▶ _Input data_

---

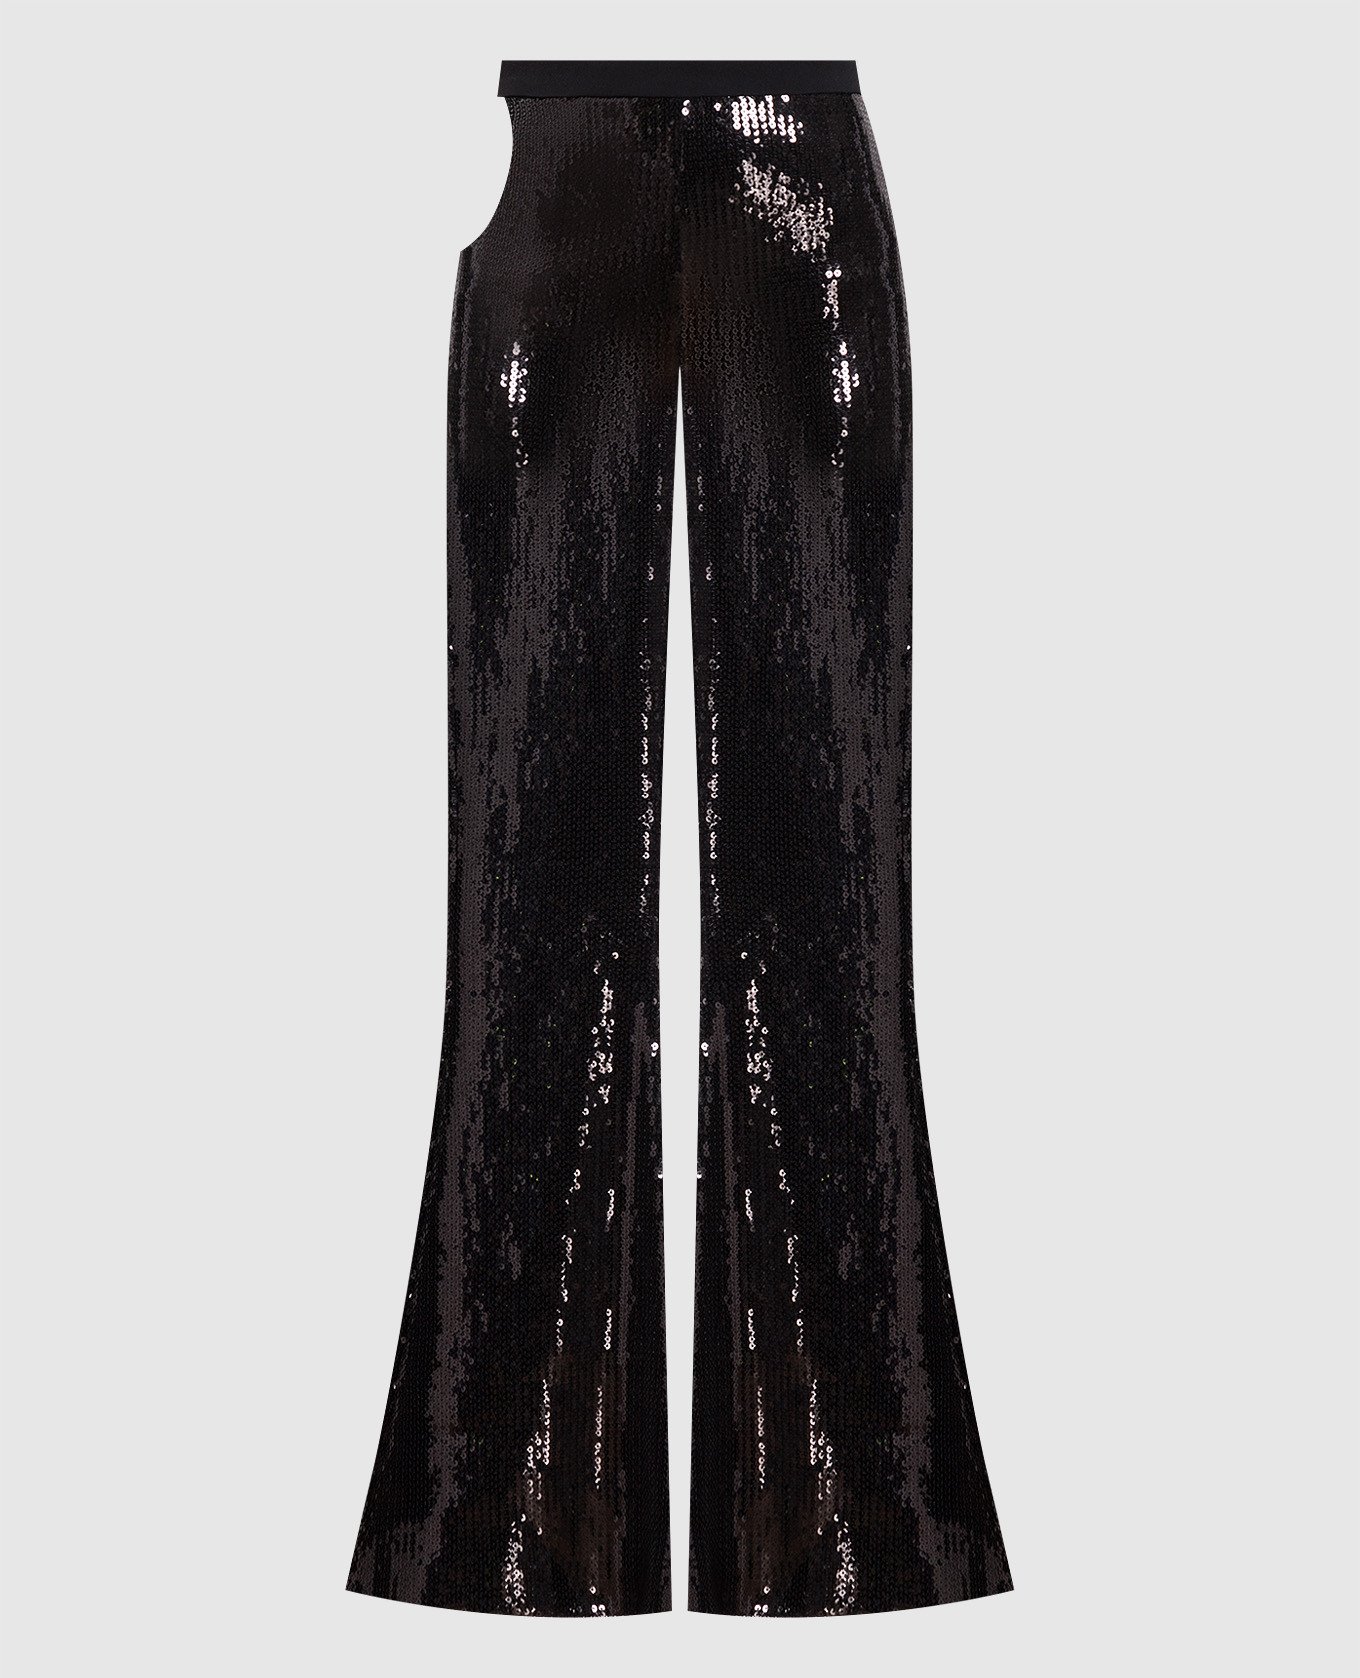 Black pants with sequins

---

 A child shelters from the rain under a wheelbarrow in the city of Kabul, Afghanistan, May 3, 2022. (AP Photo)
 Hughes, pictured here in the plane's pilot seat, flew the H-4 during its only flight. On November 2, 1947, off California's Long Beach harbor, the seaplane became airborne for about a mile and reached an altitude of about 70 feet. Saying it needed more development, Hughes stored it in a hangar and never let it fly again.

---

▶ _The problem_
In the data above, find the line with "A child shelters" and the line with "Hughes, pictured here". Retype both, plus every line between them, exactly.

▶ _Task response_
 A child shelters from the rain under a wheelbarrow in the city of Kabul, Afghanistan, May 3, 2022. (AP Photo)
 Hughes, pictured here in the plane's pilot seat, flew the H-4 during its only flight. On November 2, 1947, off California's Long Beach harbor, the seaplane became airborne for about a mile and reached an altitude of about 70 feet. Saying it needed more development, Hughes stored it in a hangar and never let it fly again.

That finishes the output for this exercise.